Intimacy is essential for the success of every relationship. And while being intimate with your partner can be fulfilling and exciting, there are some uncomfortable and mortifying moments that can arise at the most inopportune times during sex!
The first thing to remember when preparing for intimacy is that everyone has insecurities about their body, their ability to enjoy sex, and their ability to please their partner. Being honest with your partner about your insecurities and your fears regarding intimacy can help you both feel a little less nervous when the time comes, which can help you both avoid awkwardness during intimacy.

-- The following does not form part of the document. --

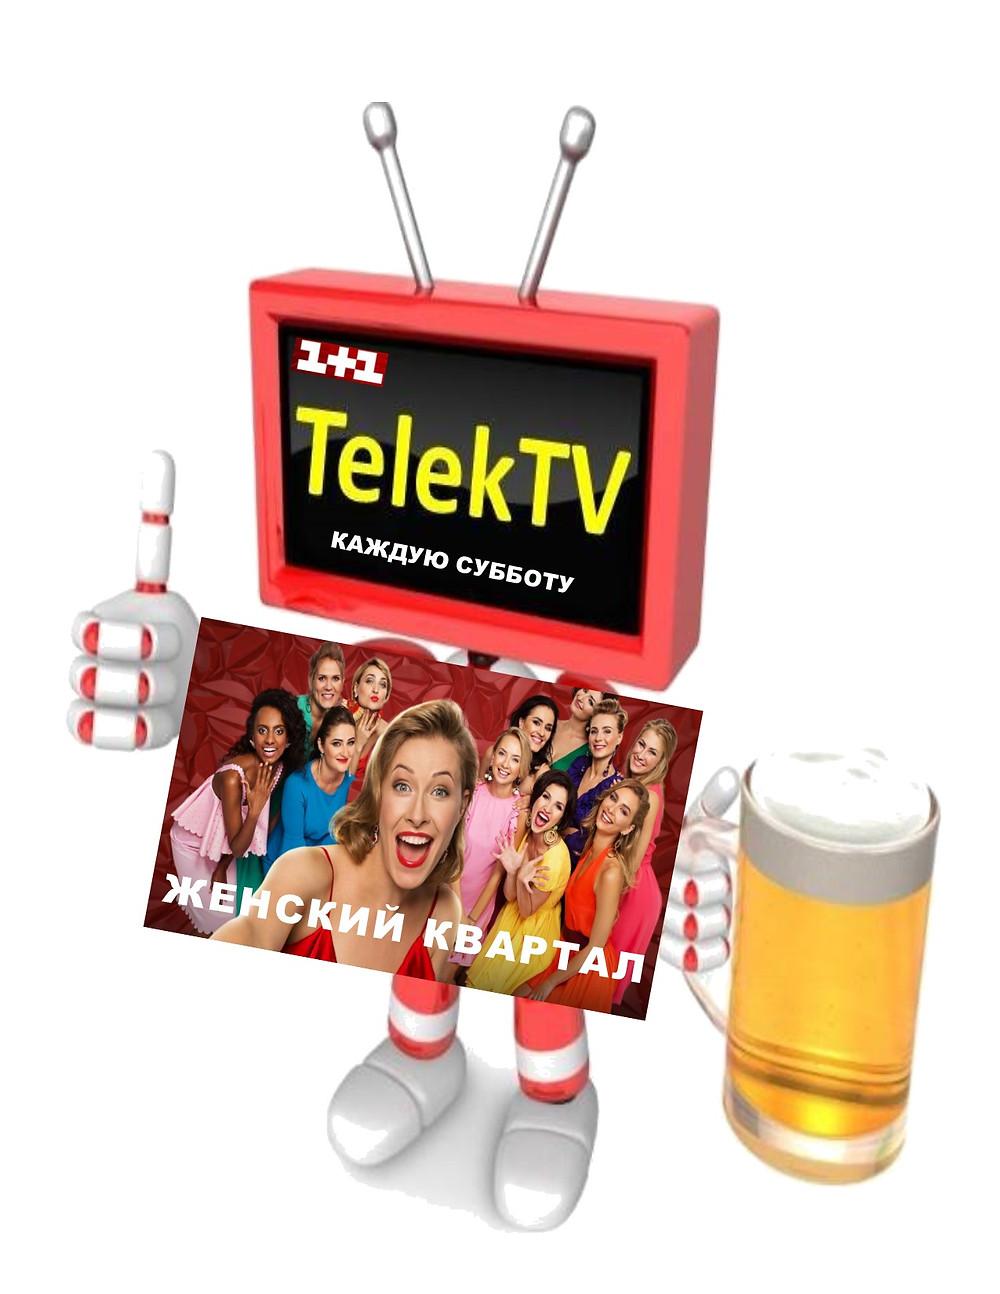 Смотрите Женский Квартал на канале 1+1 у нас на TelekTV

Remember that intimacy is an ongoing part of every successful relationship, and every sexual encounter is going to have its potentially awkward moments, which means the possibility of an awkward moment happening increases every time you do the deed. So, to help you manage your embarrassment during potentially awkward sexual moments and help you sustain a meaningful and healthy sex life, here are the best ways to avoid awkwardness during intimacy.
Although attraction can easily and instantly provoke arousal, the lack of a deeper connection can make intimacy meaningless and unfulfilling. It’s also a lot easier to become embarrassed or insecure about your body when you’re baring it to someone who you don’t know very well.

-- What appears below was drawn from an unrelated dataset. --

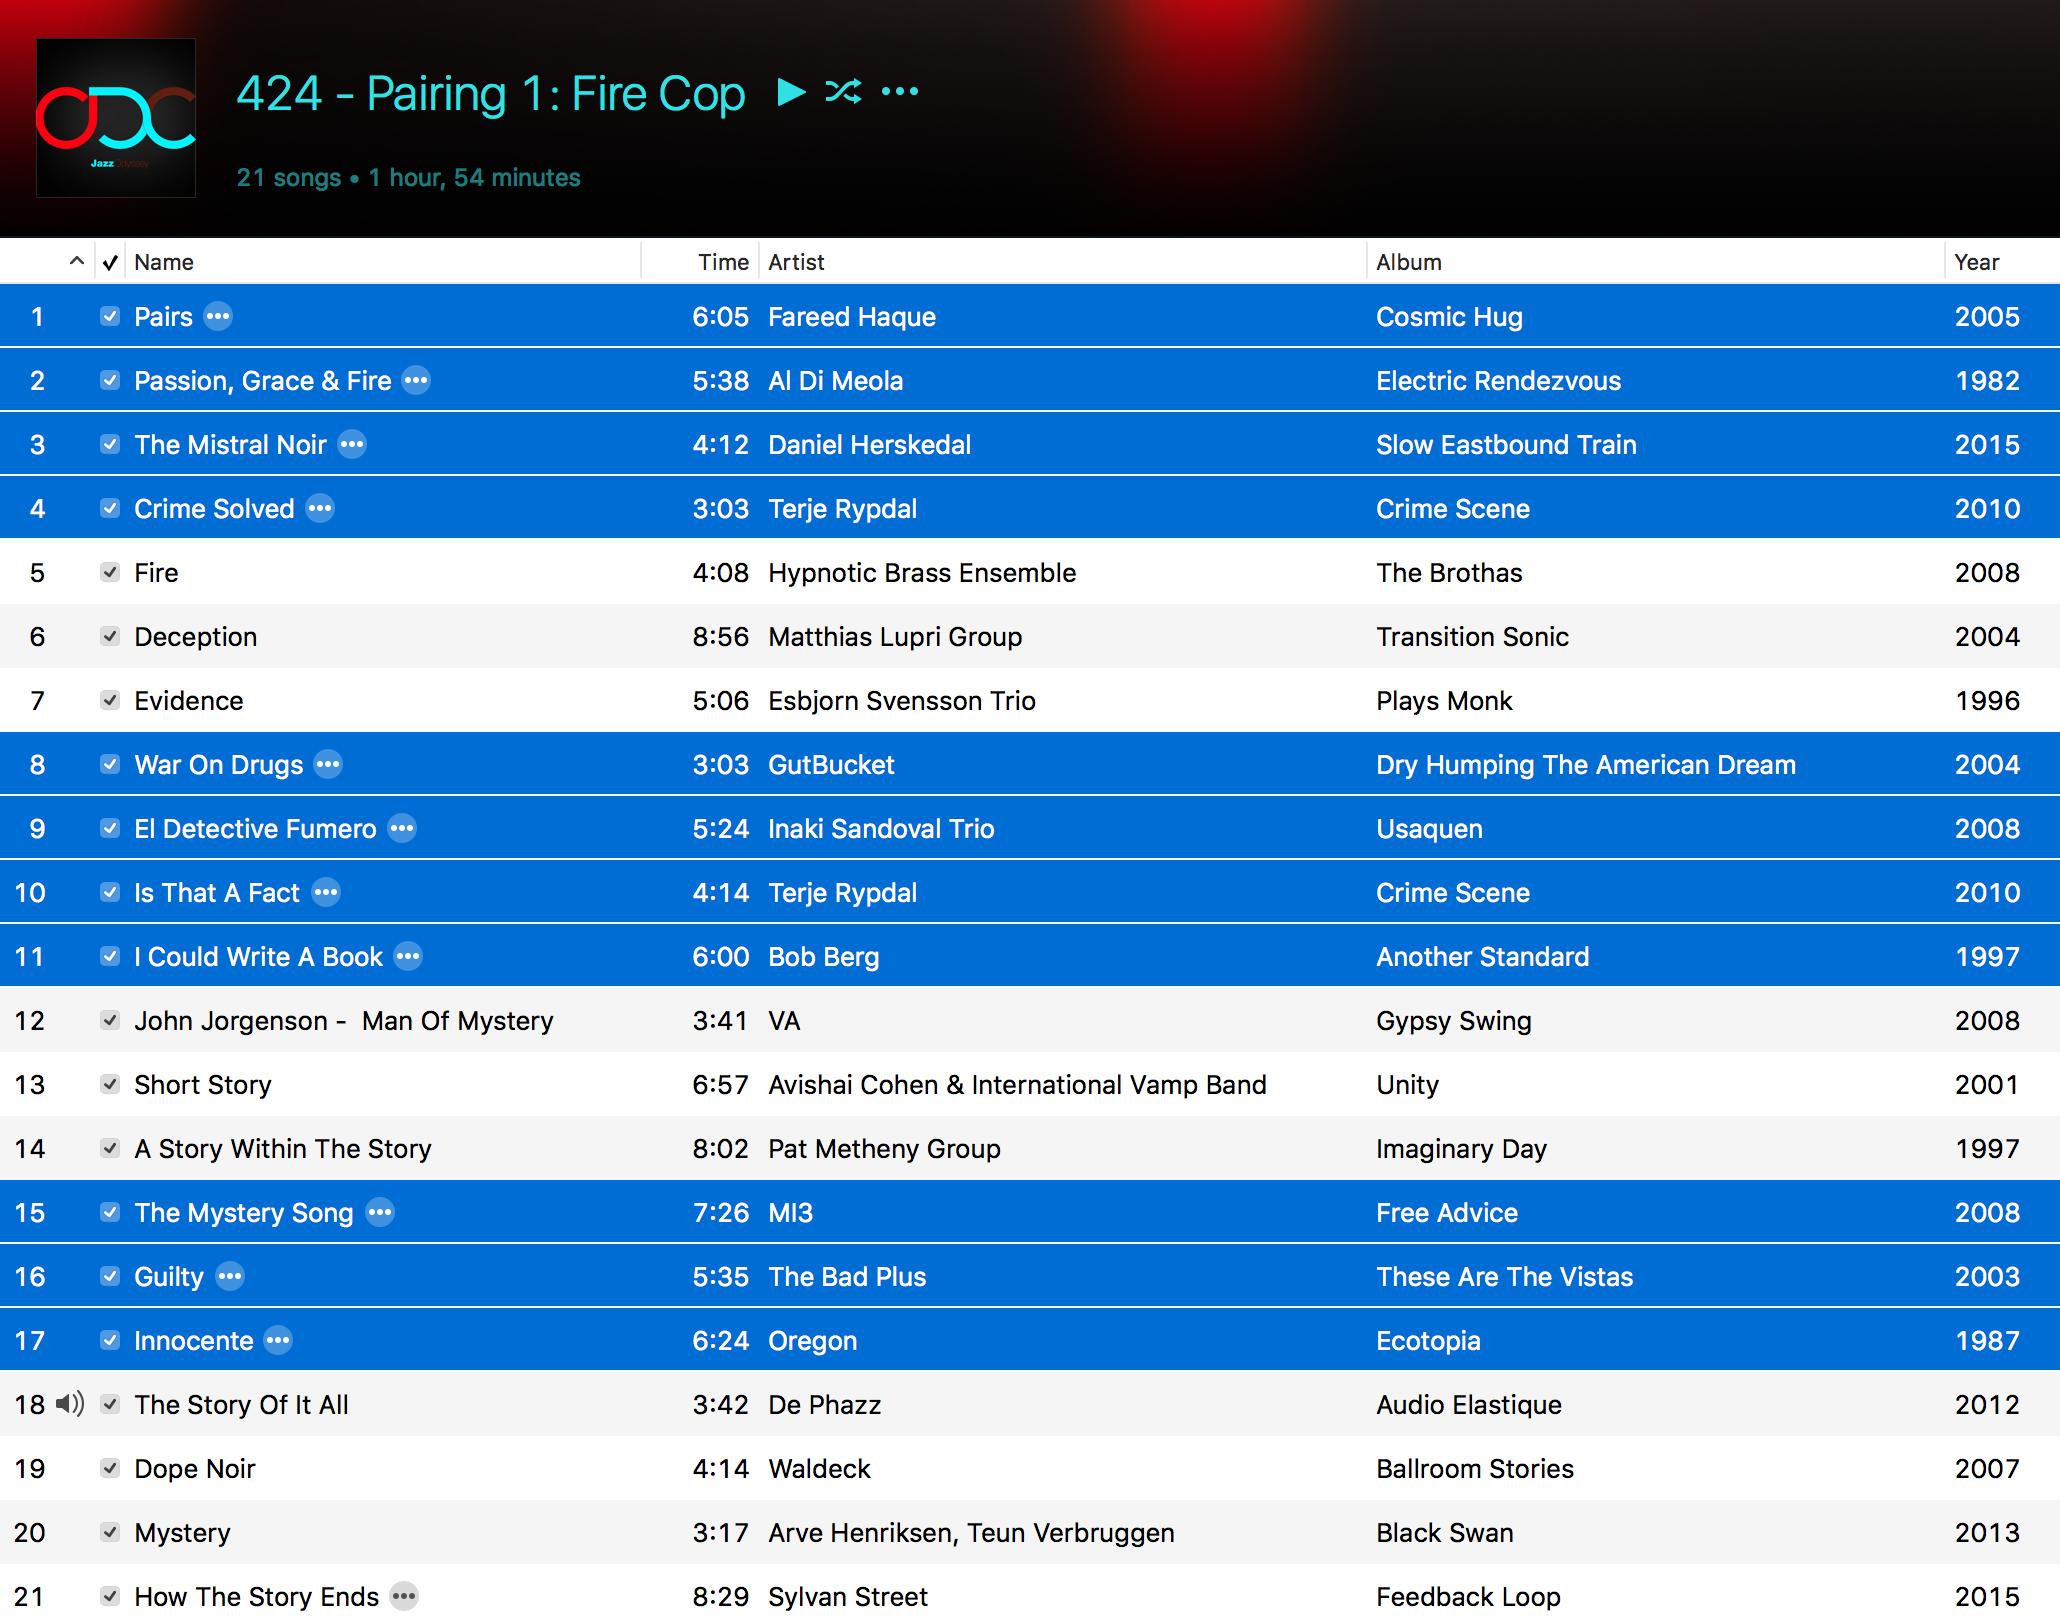 Jazz ODC #424 - Pairing 1 - Fire Cop - Playlist

Take your time with any new partner and wait until you’re both ready before you start getting intimate. Remember, if you’re not ready to talk about sex with your partner, then you’re definitely not ready to be doing it!
Being prepared is one of the easiest ways to avoid awkwardness during intimacy from the get-go. For instance, it can be awkward if you and your partner start fooling around for the first time and the question of protection comes up: do you have it? Do they have it? This interruption can seriously lower the heat factor and ruin the moment altogether if it takes long enough to search the room for a condom or other birth control device. On the other hand, if neither of you is prepared and no protection is present at all, the entire shebang will have to be postponed, which might just result in further awkwardness as you both slowly put your clothes back on in disappointment.
Before you start getting down and dirty, discuss with your partner what birth control method you’ll be using and make sure it’s handy when the moment arrives!
It’s awkward when you’re in the middle of an intimate encounter and your partner does something weird that might completely turn you off and make you never want to be intimate with them again. Likewise, you might do or say something that completely turns them off, so have a quick conversation before any clothes start flying to determine what’s safe, what should be avoided at all costs, and what you’re both willing to try.
In the same vein, if you or your partner is grossed out by period blood, then avoid getting intimate during or near that time of month. The river can start flowing at any moment, and you don’t want that moment to be during sex!
Men and women reach arousal at different paces and in different ways. Men tend to become aroused more quickly than women, which means they’re often ready to go before their partners are. When women begin having sex before they’re aroused, discomfort is unavoidable, which your partner might interpret as displeasure or disinterest.
On the other hand, men often have difficulty becoming or staying aroused if they’re nervous, which can be embarrassing for both parties. To avoid awkwardness during intimacy, get yourself warmed up so that you’re ready to go when the moment happens, or ask your partner to do it for you, which is a huge plus! Foreplay is an excellent form of intimacy that can be pleasurable for both parties and can deepen your connection.
If you’re not flexible, don’t let your partner pressure you into doing an acrobatic position that will leave you feeling like a failure! It can be very embarrassing to attempt a position only to awkwardly fall or roll over while it’s happening. If your partner tries putting you into a position that you know you’re incapable of performing successfully, kindly let them know that you’re not flexible enough and suggest an alternative that you think will be enjoyable for you both.
Remember, pushing your body past its limits during sex can result in not only embarrassment and discomfort—but also injury!
You know what I’m talking about: the relentless queef, the premature climax, or the presence of blood, to name a few. These types of awkwardness during intimacy are sometimes just unavoidable, which means you can’t let them ruin the moment. If it happens to you, laugh it off and make a joke or apologize in a lighthearted way and keep going; don’t shrivel up in embarrassment and show your partner your insecurity!
Discomfort is contagious—especially during sex. If you get embarrassed by an awkward moment, your partner will most likely feed off your energy and become uncomfortable right alongside you, whereas if you laugh it off, your partner will be more likely to laugh it off and let it go as well.
Sex can feel like a performance, especially when we’re getting intimate with a new partner. We tend to feel the need to impress or please our partners by involving dirty talk, complicated positions, or forced verbal feedback (e.g., moaning) that doesn’t necessarily fit the mood.
Don’t force yourself to provide constant reinforcement to your partner. Instead, relax and let your body respond. If you’re in the right place at the right time and you’re both ready for this moment, then you won’t need to force anything!